- Material for the task -
::::::
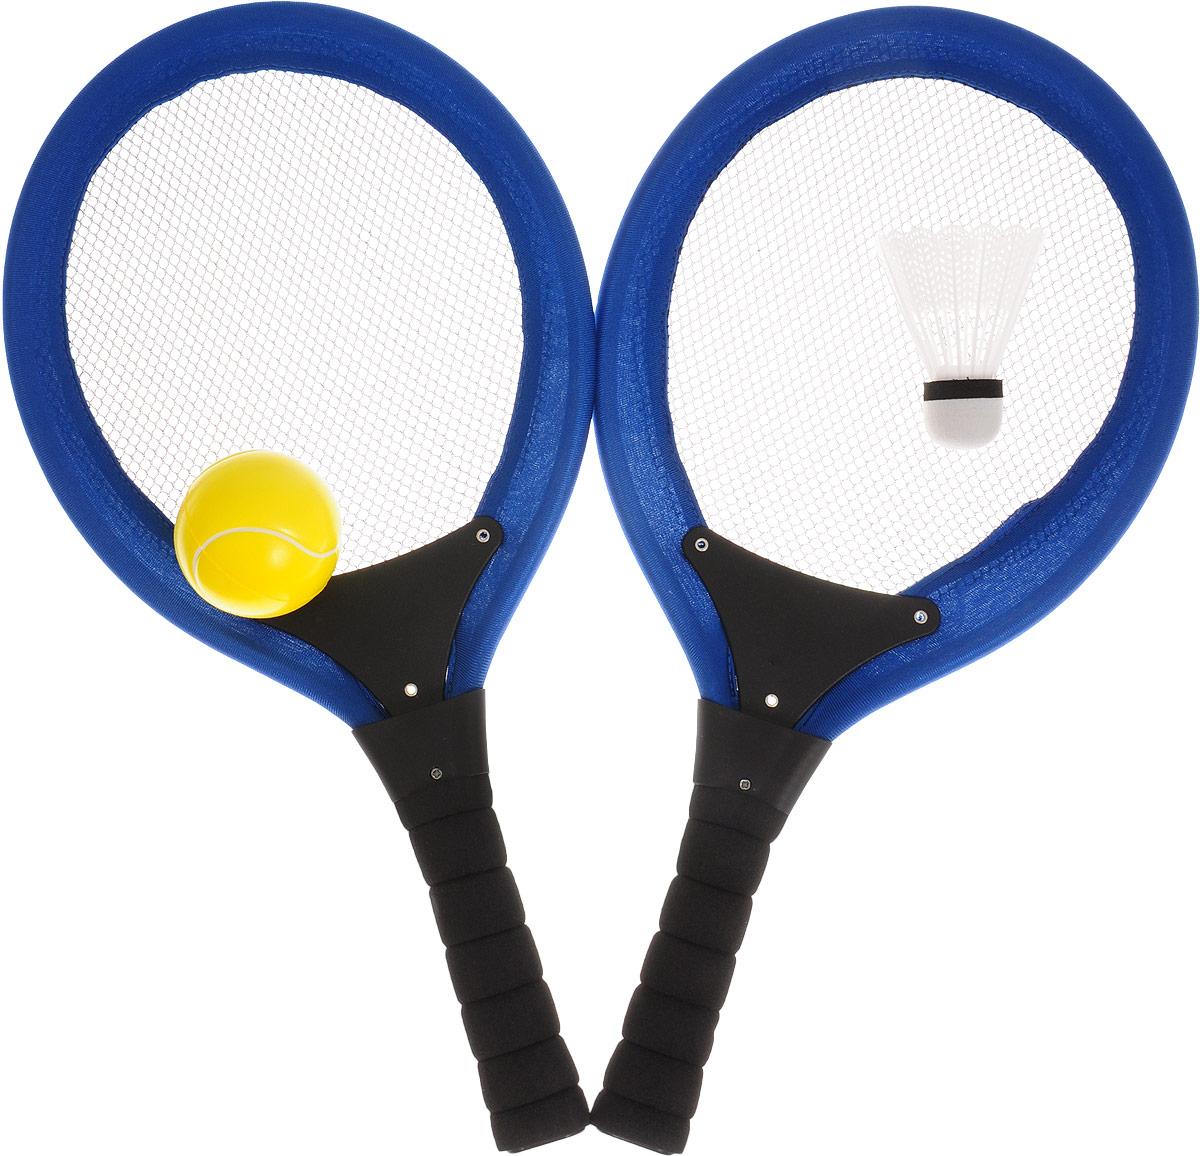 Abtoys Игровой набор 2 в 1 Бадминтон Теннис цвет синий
::::::
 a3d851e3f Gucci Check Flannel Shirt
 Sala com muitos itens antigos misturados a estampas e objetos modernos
::::::
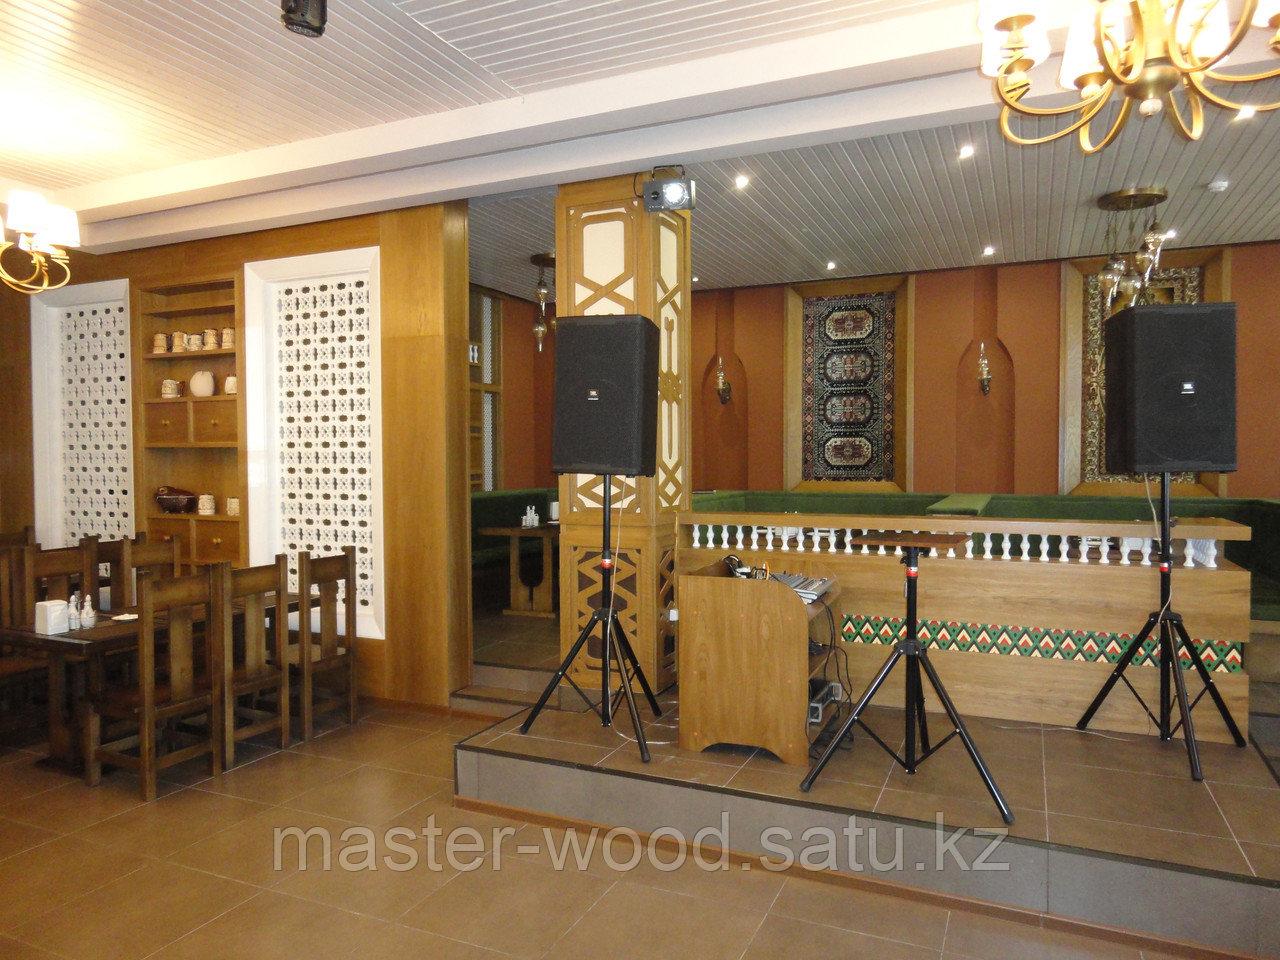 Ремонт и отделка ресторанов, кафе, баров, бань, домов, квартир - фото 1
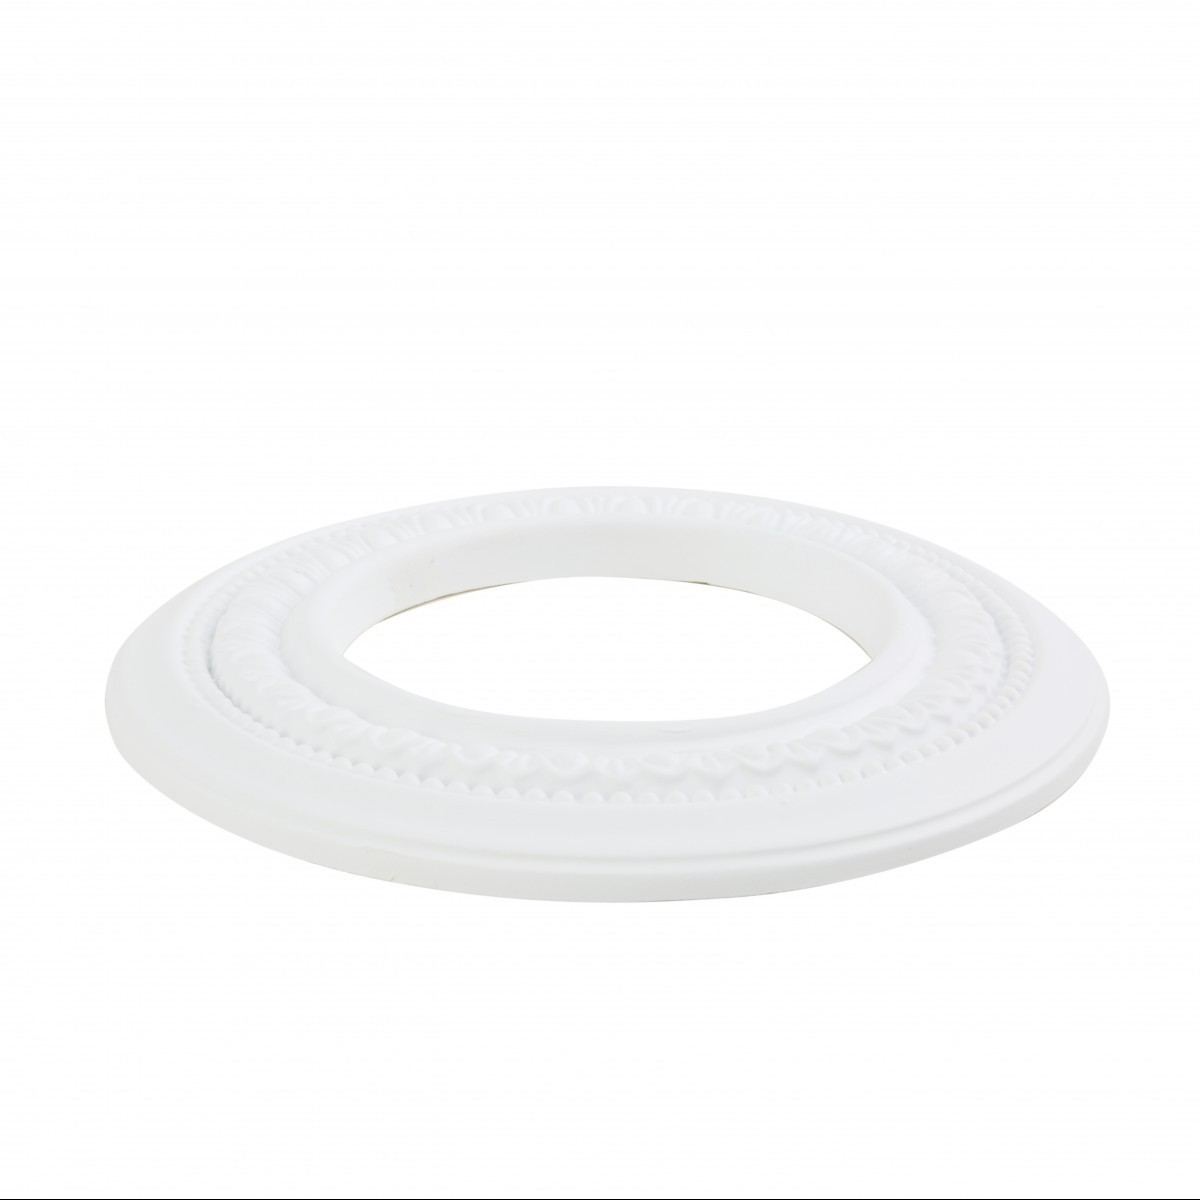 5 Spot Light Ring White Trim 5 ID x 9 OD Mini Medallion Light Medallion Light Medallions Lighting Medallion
::::::
- Task -
Begin with the line above that has "a3d851e3f Gucci Check Flannel Shirt" and continue through the line that has "Sala com muitos", setting each one down exactly. Stop there.

- Response for this exercise -
 a3d851e3f Gucci Check Flannel Shirt
 Sala com muitos itens antigos misturados a estampas e objetos modernos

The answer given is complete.